Oven temperatures are for conventional; if using fan-forced (convection), reduce the temperature by 20˚C. | We use Australian tablespoons and cups: 1 teaspoon equals 5 ml; 1 tablespoon equals 20 ml; 1 cup equals 250 ml. | All herbs are fresh (unless specified) and cups are lightly packed. | All vegetables are medium size and peeled, unless specified. | All eggs are 55-60 g, unless specified.

Instructions

If using salted or dried hog casings, remove from packet and rinse through with plenty of cold fresh water. Set aside.

Soak the sultanas in half of the marsala for at least 1 hour.

If the pig’s blood is really fresh and still warm, it must be whisked as it cools to stop the clots. If any form, strain out with a sieve.

In a large bowl, pour in the pig’s blood. Add the sultanas, remaining marsala, milk, pine nuts, cocoa, sugar and finally the breadcrumbs. Mix well together. Tie off one end of the casing. Ladle or funnel blood sausage mixture into your natural casings and tie off with butcher’s string. Make sure you leave a few centimetres at the top to allow for the mixture to swell.

Place the sausages into a large saucepan of cold water and heat over a low heat, bringing up gently to a simmer, allowing the sausages to poach.

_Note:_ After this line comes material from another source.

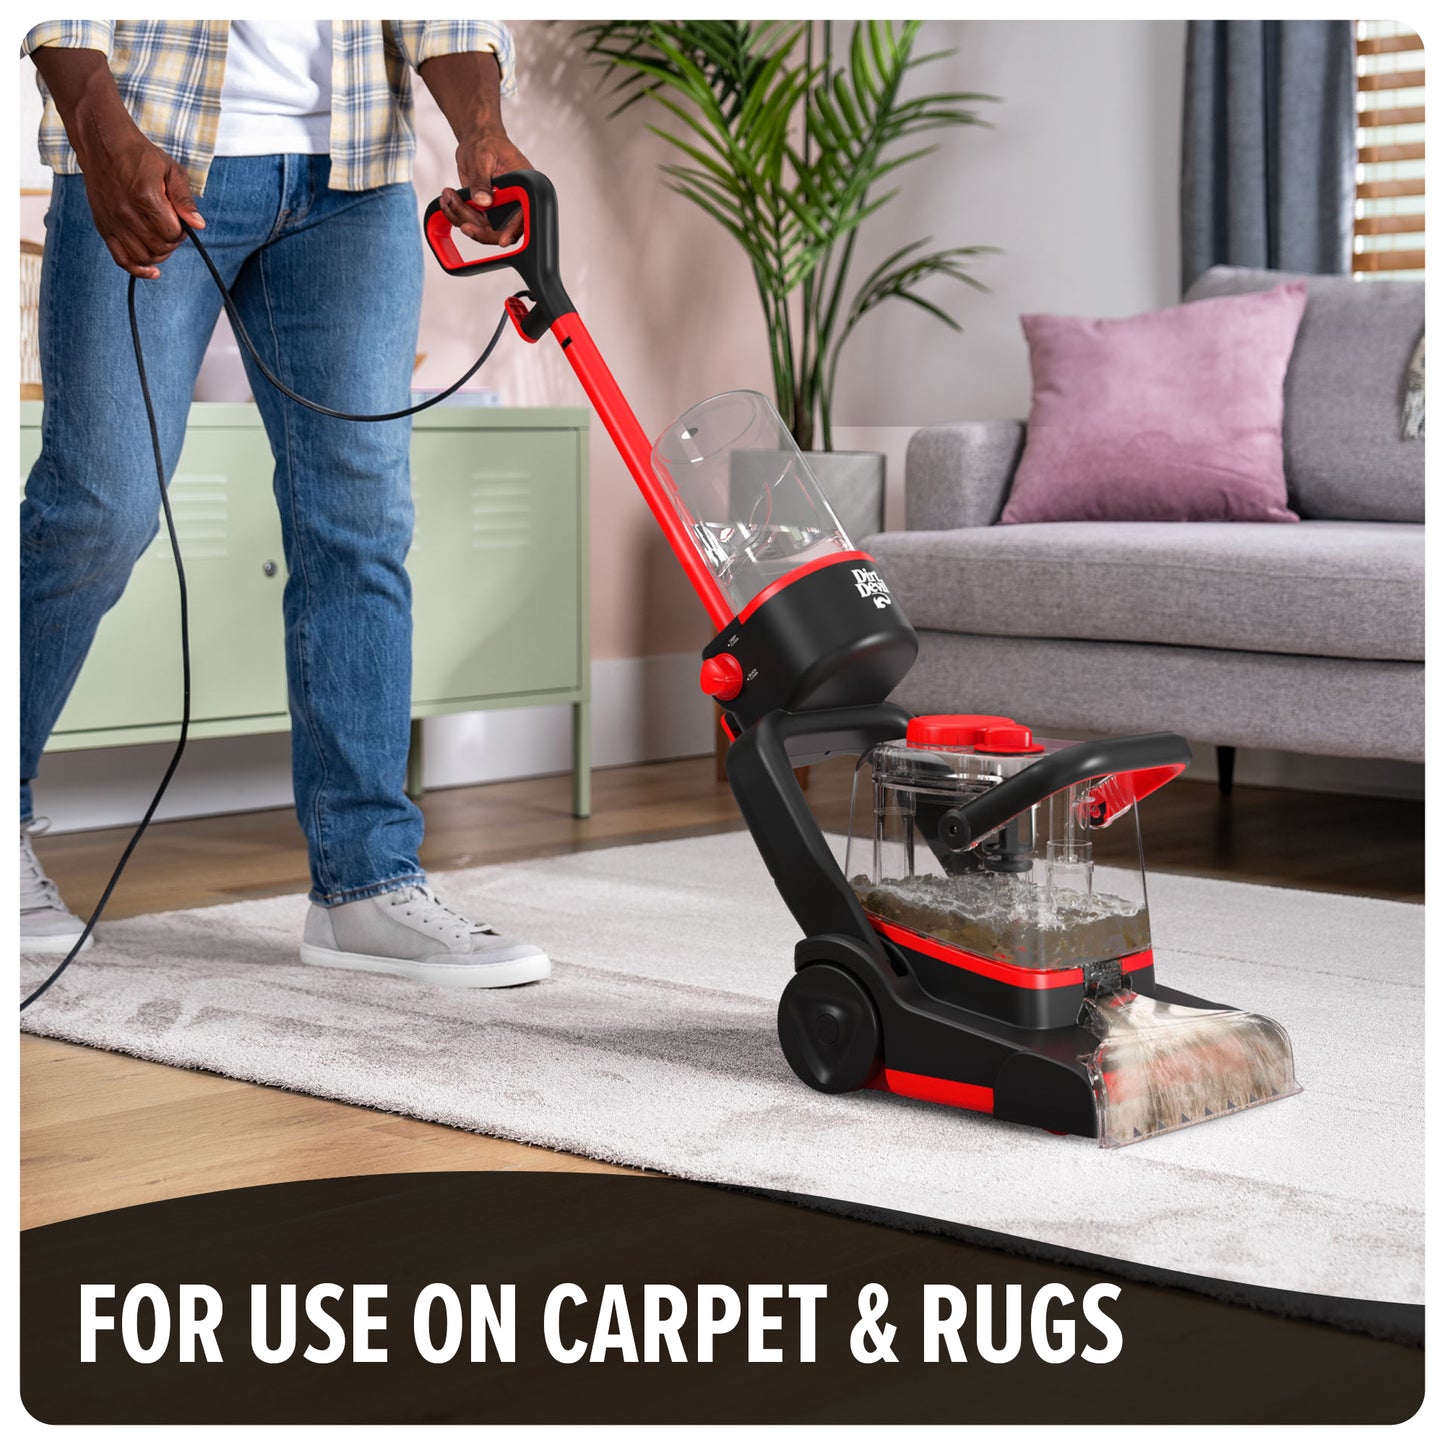 Pet Carpet Cleaner Solution

Once the sausages are cooked, they will float to the surface after approximately 20 minutes on a gentle simmer.

Once cooked, remove from the pan and immediately immerse in cold water for a few minutes. Take out and allow to dry and cool. They will last for a week in the fridge if well wrapped. 

 

Note
• Very fresh pig’s blood can be hard to find; ask for it at your local butcher.